Because the thing is:

I am different.. These things about me - a lifelong unschooler, sober, vegan, nonbinary - those make me different. More different than I appreciated back in the days I flew into these public disclosures and began living aloud my joys!

Now I ask you this:

Are these things listed above, are all those things about me just "personal choice" - or is this who I am?

Each identity, each praxis is as much of a part of me as any objective "me" that really exists.

***

My dad accepted my differences - but the engineer in me, the scientist in me, will never retcon his love into a part of my life he never knew.

What I mean is - my father never got to see me get sober, he didn't watch my activisms blossom, he didn't witness my renunciations, he died knowing my old name. He knew I was bisexual (I think) but not that I was nonbinary - he never knew or if he knew he never said. To his credit, he respected our practice of raising our children outside of compulsory schooling (this makes one VERY different, here in America). He teased me about my (then) vegetarian-ness but I know he respected me and one thing, I know he'd have respected my commitment to veganism. He knew the injustice of animal killing and the exploitation of vulnerable beings.

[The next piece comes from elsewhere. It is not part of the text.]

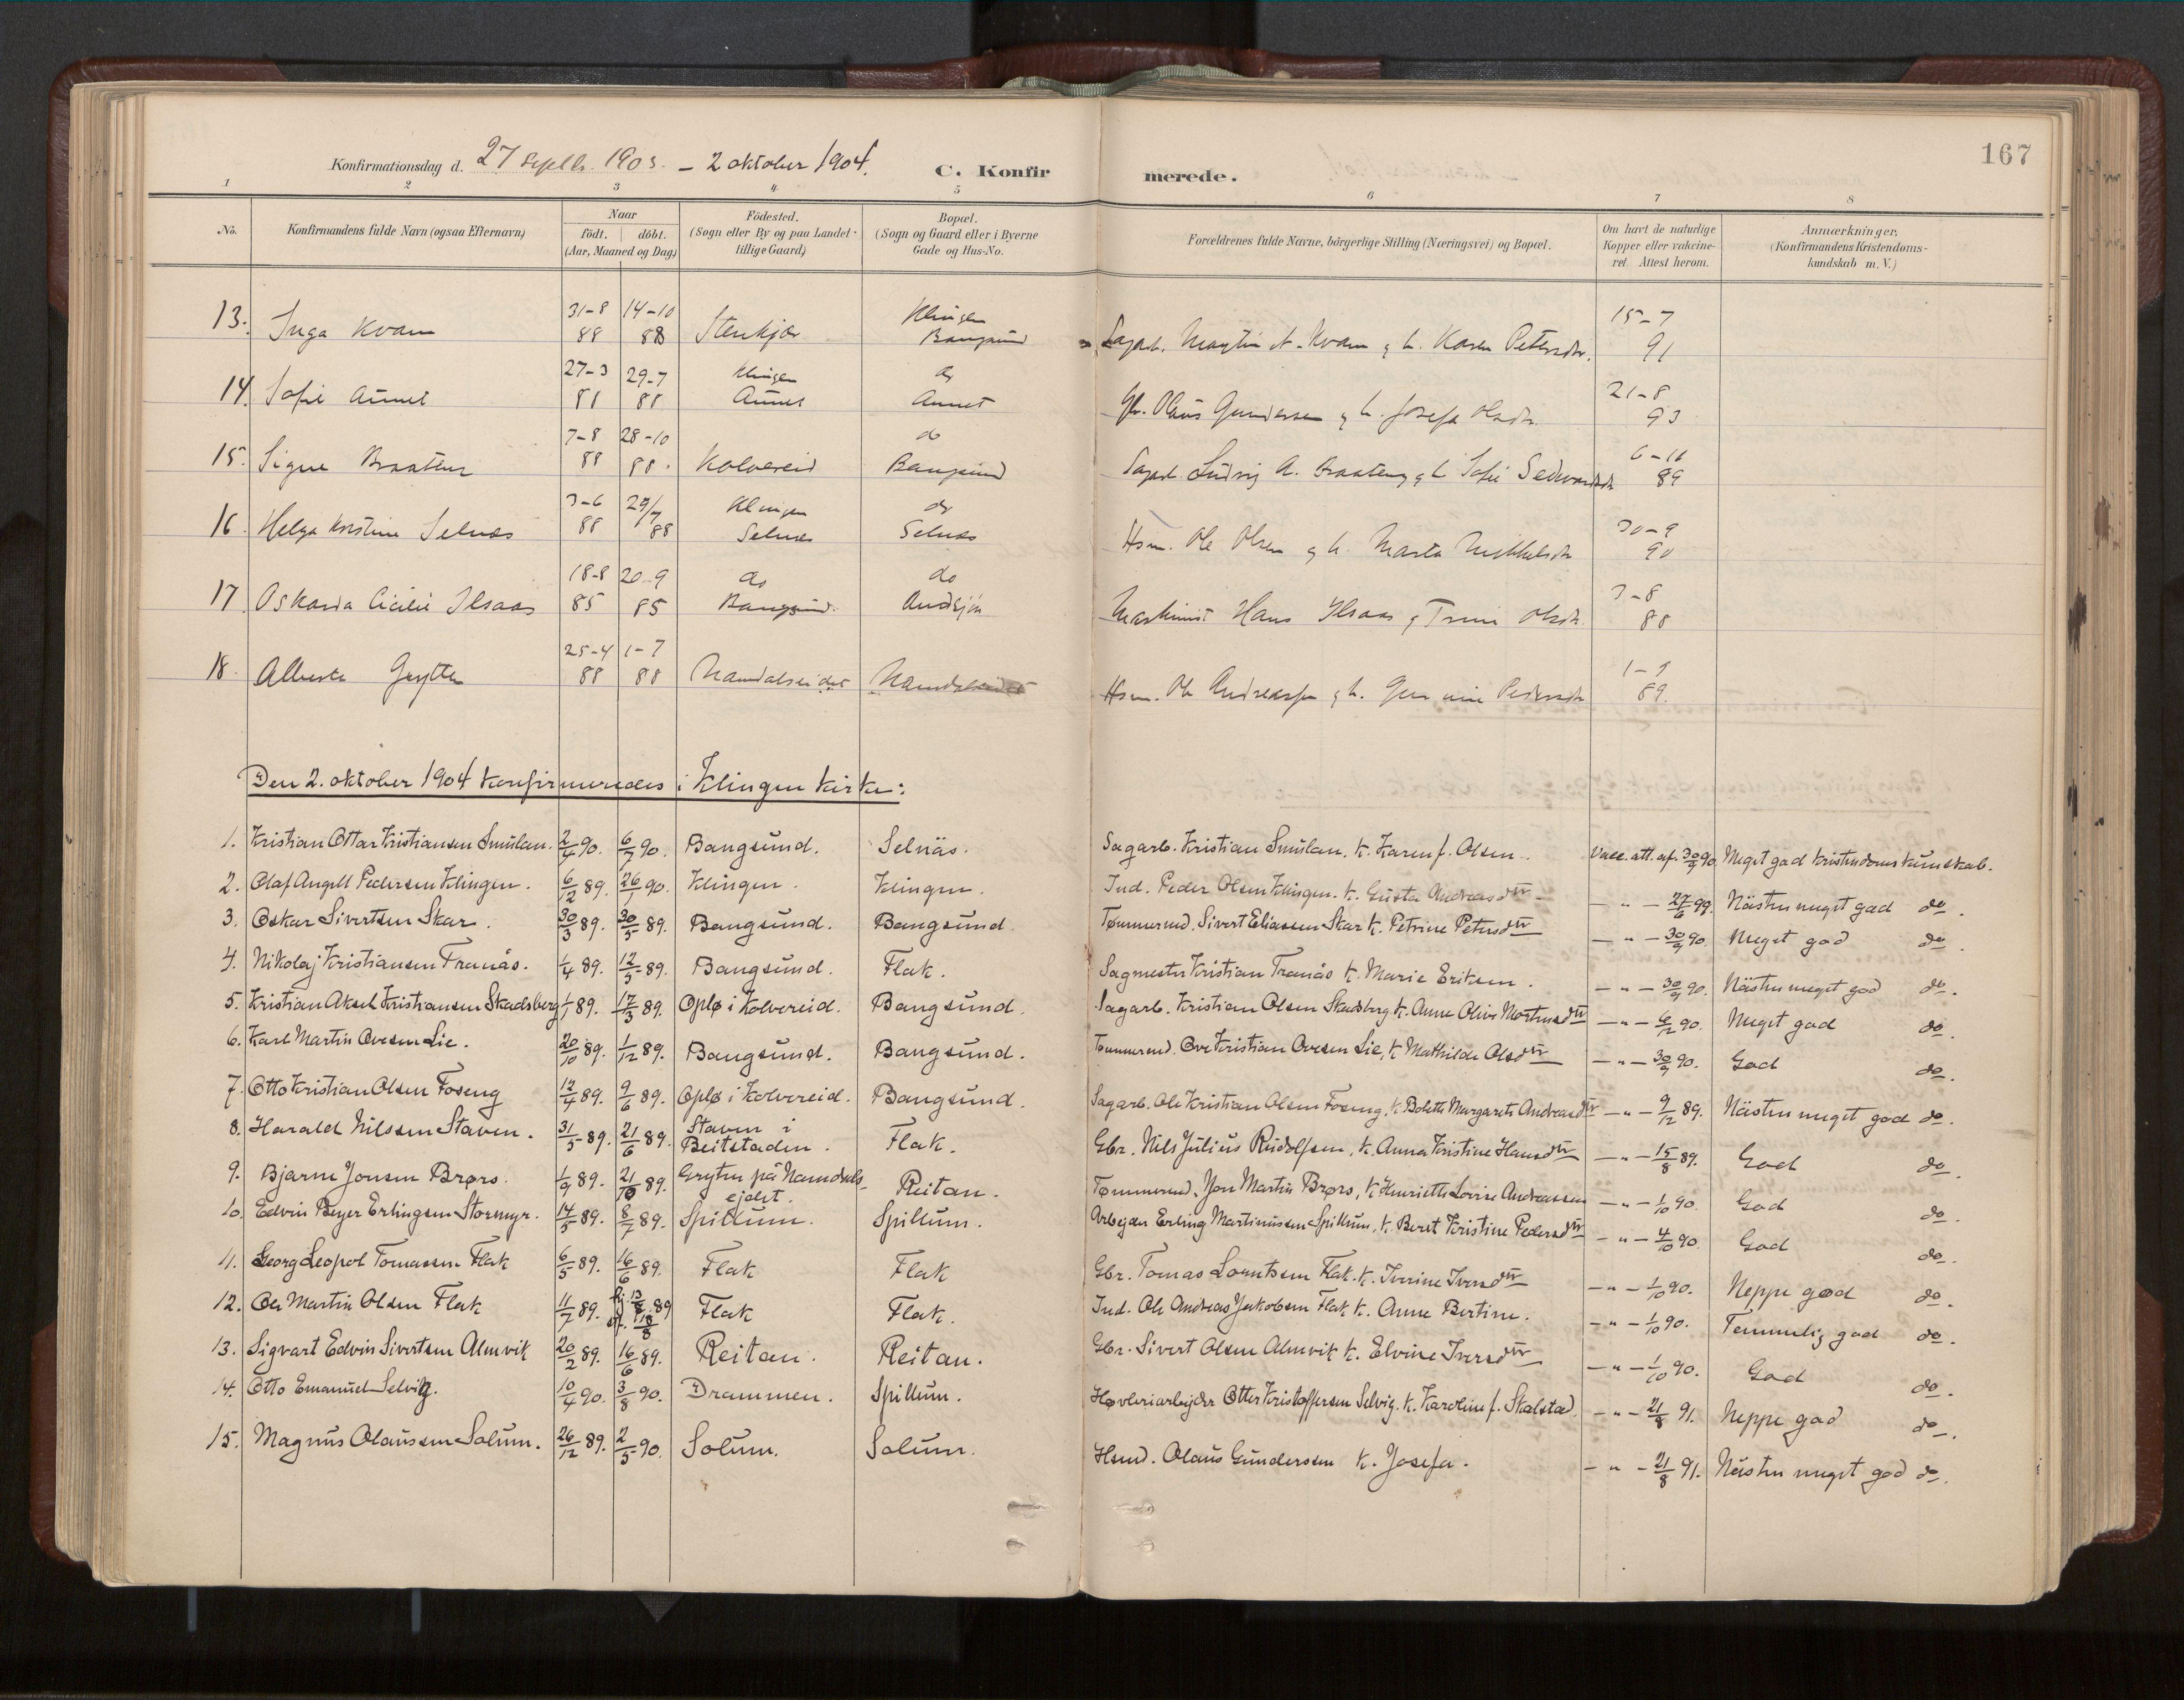 SAT, Ministerialprotokoller, klokkerbøker og fødselsregistre - Nord-Trøndelag, 770/L0589: Ministerialbok nr. 770A03, 1887-1929, s. 167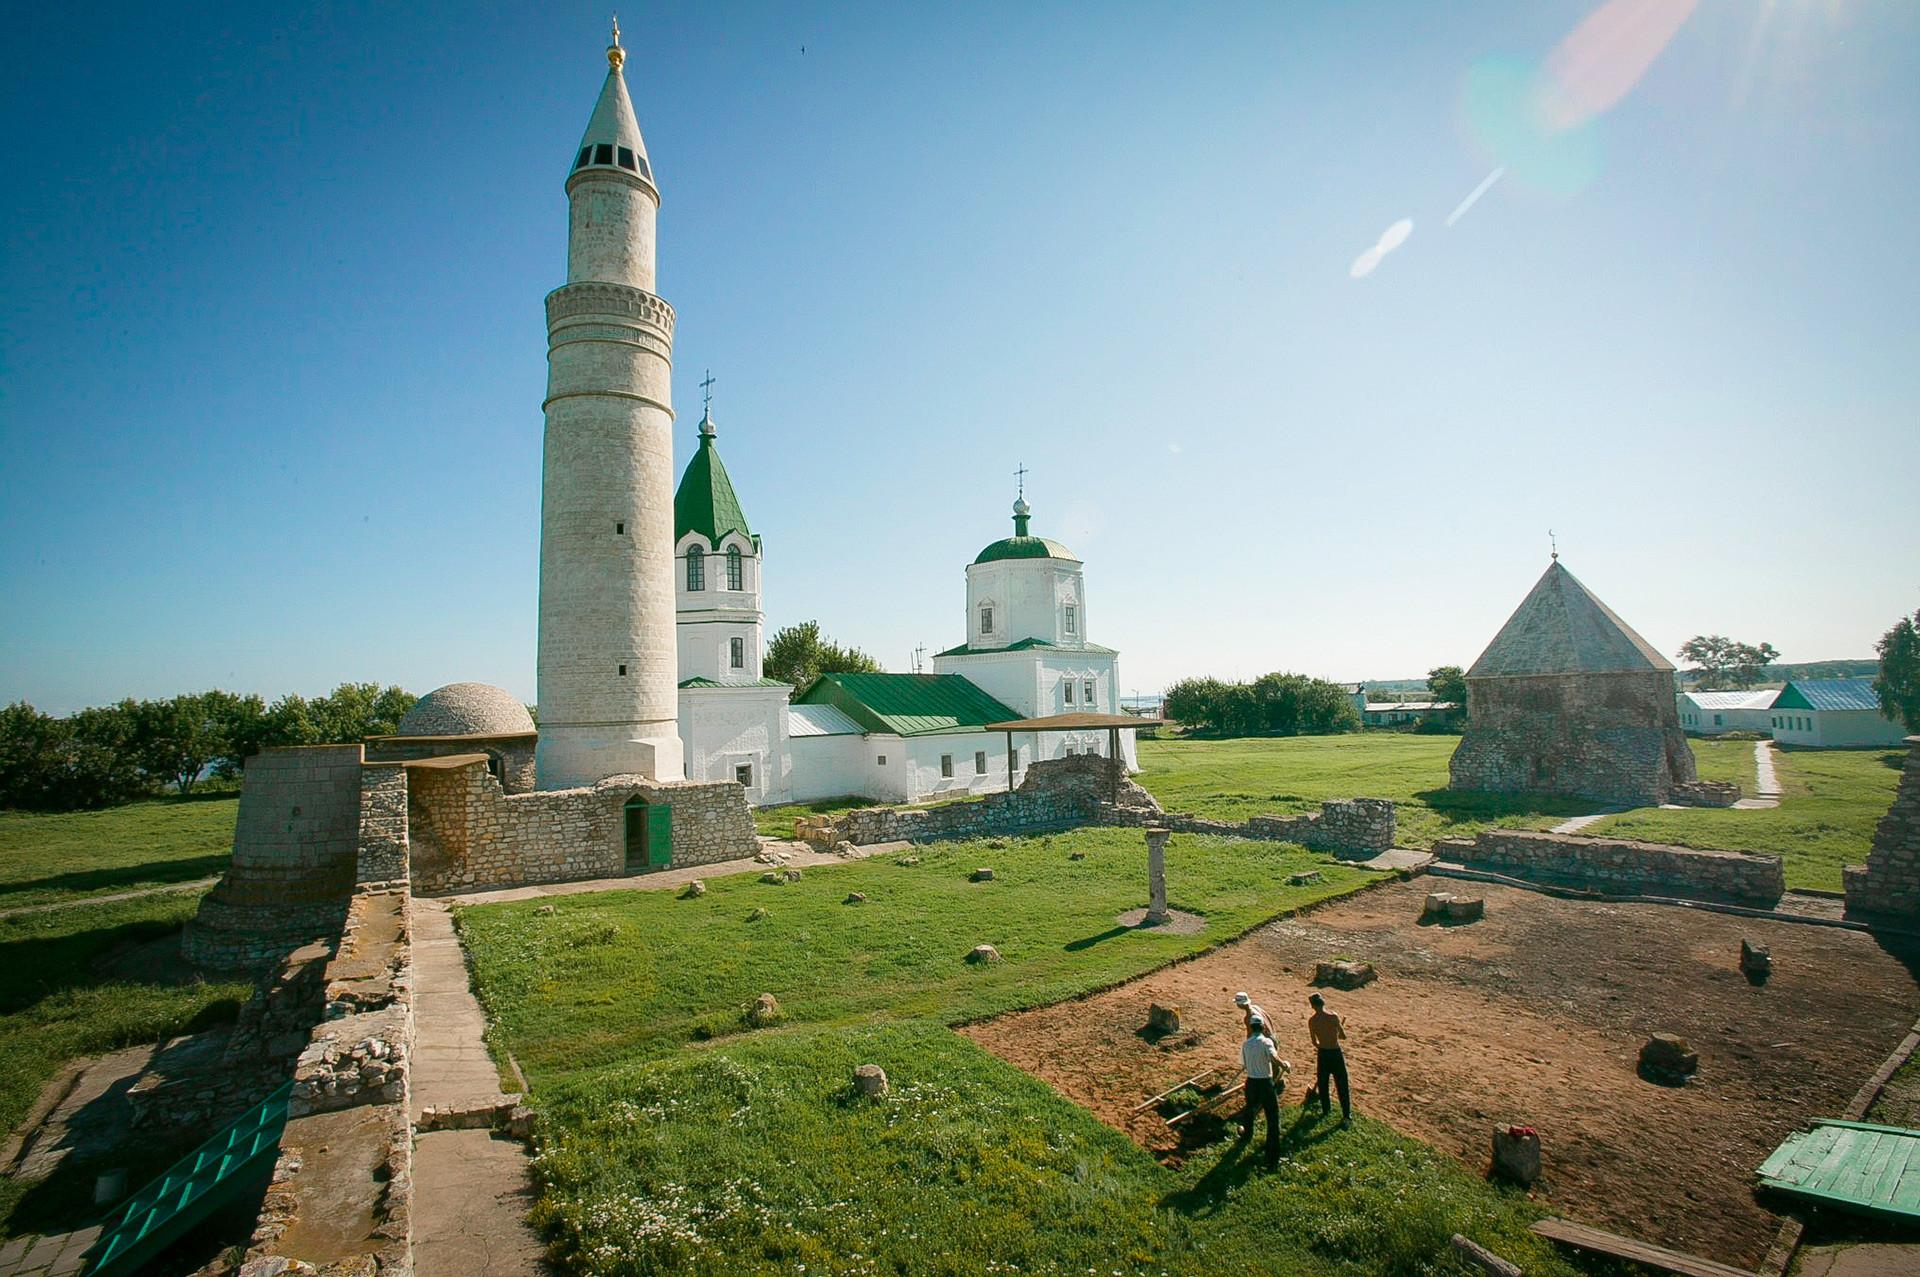 Голямото Минаре и руините на Катедралната джамия, XIV век .; в далечината се вижда и църква

The nonbinary part, it gets tricky. Probably because my own mother won't see me as nonbinary, won't respect my pronouns. That throws a big funhouse mirror into the rest of your foundational experiences, I'll tell you what! I turn my eyes to my father now gone - a mystery to me forever - and comb through my childhood. I can't find any evidence of homophobia, transphobia. What would he have said? What would it have been like to hear him honor me with my pronouns, my name? What would it have been like to know I was known by this man?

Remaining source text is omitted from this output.